Stability of Bevacizumab Divided in Multiple Doses for Intravitreal Injection.

OBJECTIVE

To investigate the stability of bevacizumab in multiple doses divided from a single-use vial for intravitreal injection after storage at 4°C for up to six months and under drug transfer condition in tropical climate.

MATERIAL AND METHOD

Five syringes (0.1 mL, 2.5 mg) of bevacizumab were withdrawn each from five new bevacizumab single-use vials (4 mL, 100 mg) under sterile technique. The concentration of bevacizumab in each syringe was measured at two dilutions (2 x 10(6) and 4 x 10(6) fold) using enzyme-linked immunosorbent assay at baseline and after storage at 4°C for 1-, 3-, and 6-month. Each assay was performed at least twice. To simulate the drug transfer condition, bevacizumab was placed in a brown plastic bag and put in another transfer plastic bag with an ice cube for 30 minutes prior to the assay at 1-, 3-, and 6-month.

RESULTS

The concentrations of bevacizumab (mean ± standard deviation) at baseline, 1-, 3-, and 6-month were 26.24 ± 1.95, 25.43 ± 3.80, 27.87 ± 2.81, and 24.25 ± 2.00 mg/mL, respectively.
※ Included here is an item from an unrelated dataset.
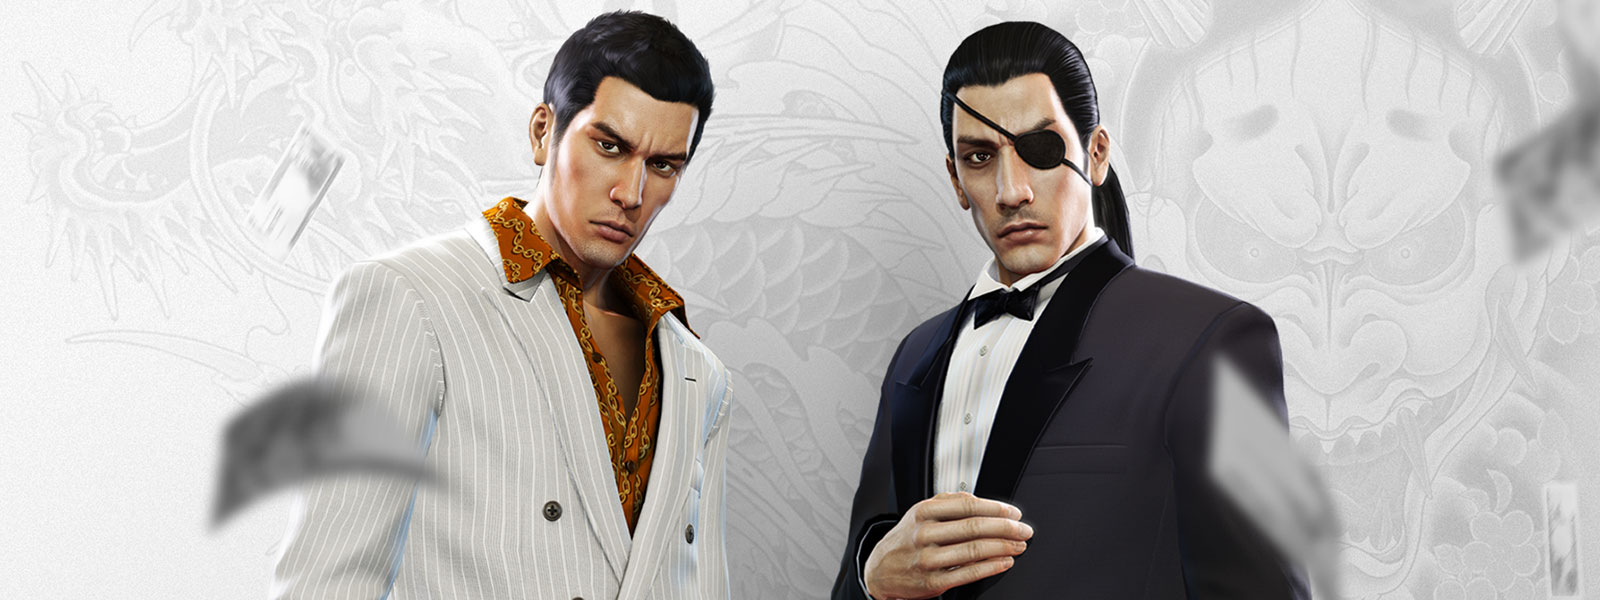 Due personaggi di Yakuza in abiti eleganti con sguardo fisso in avanti mentre dei soldi cadono intorno a loro. Sullo sfondo il disegno di un tatuaggio di un drago in bianco e grigio
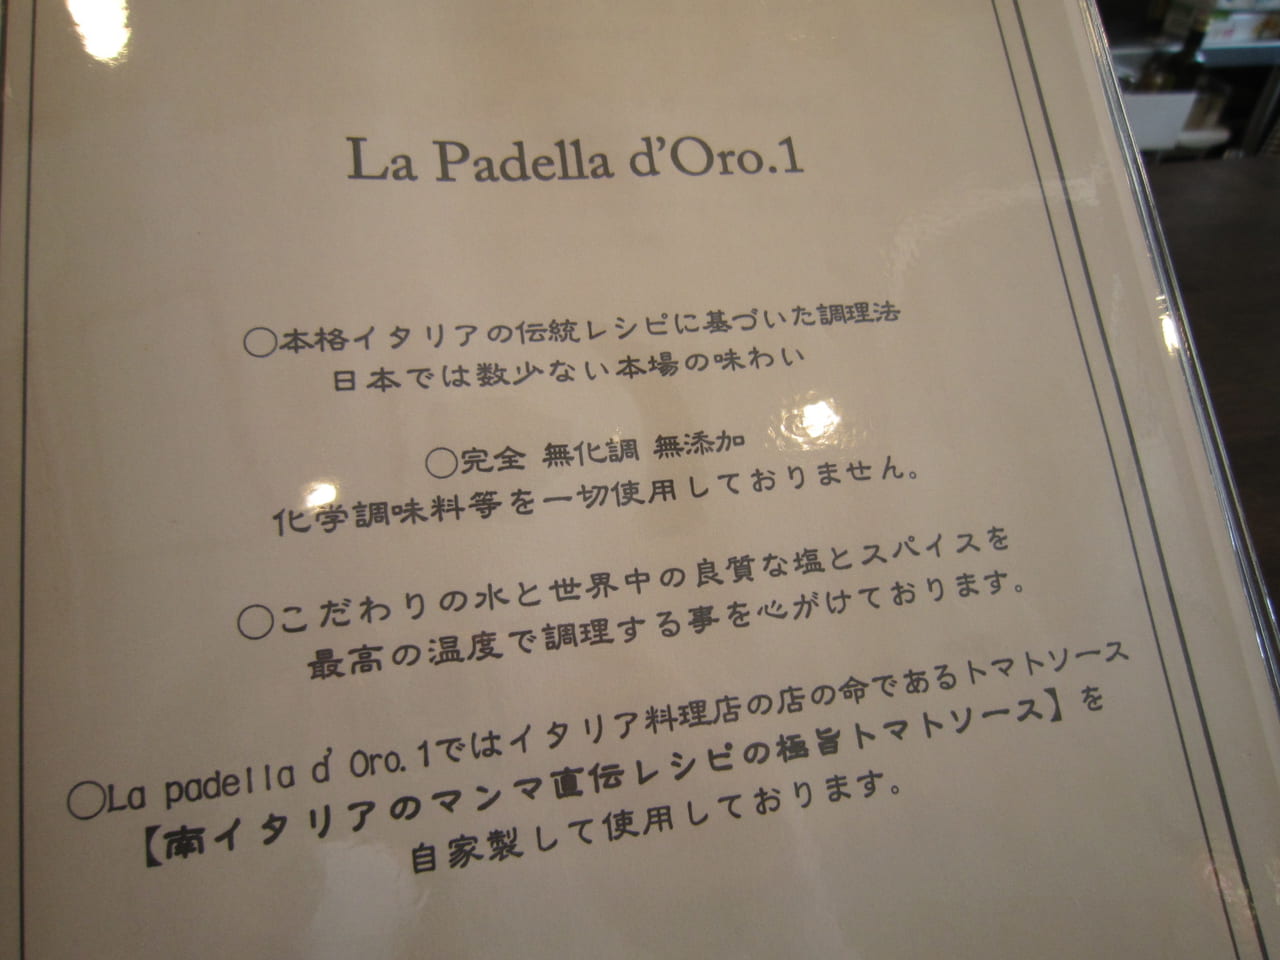 La Padella d'Oro.1-menu

The lowest lower limit of 95% confidence interval for the mean concentration was 23.32 mg/mL at 6-month storage, which was 89% of the mean baseline concentration and considered to be non-inferior to the baseline concentration.

CONCLUSION

Bevacizumab in a single-use vial could be divided into multiple small doses for intravitreal injection with sufficient stability when refrigerated at 4°C for up to six months and under the drug transfer condition in tropical climate.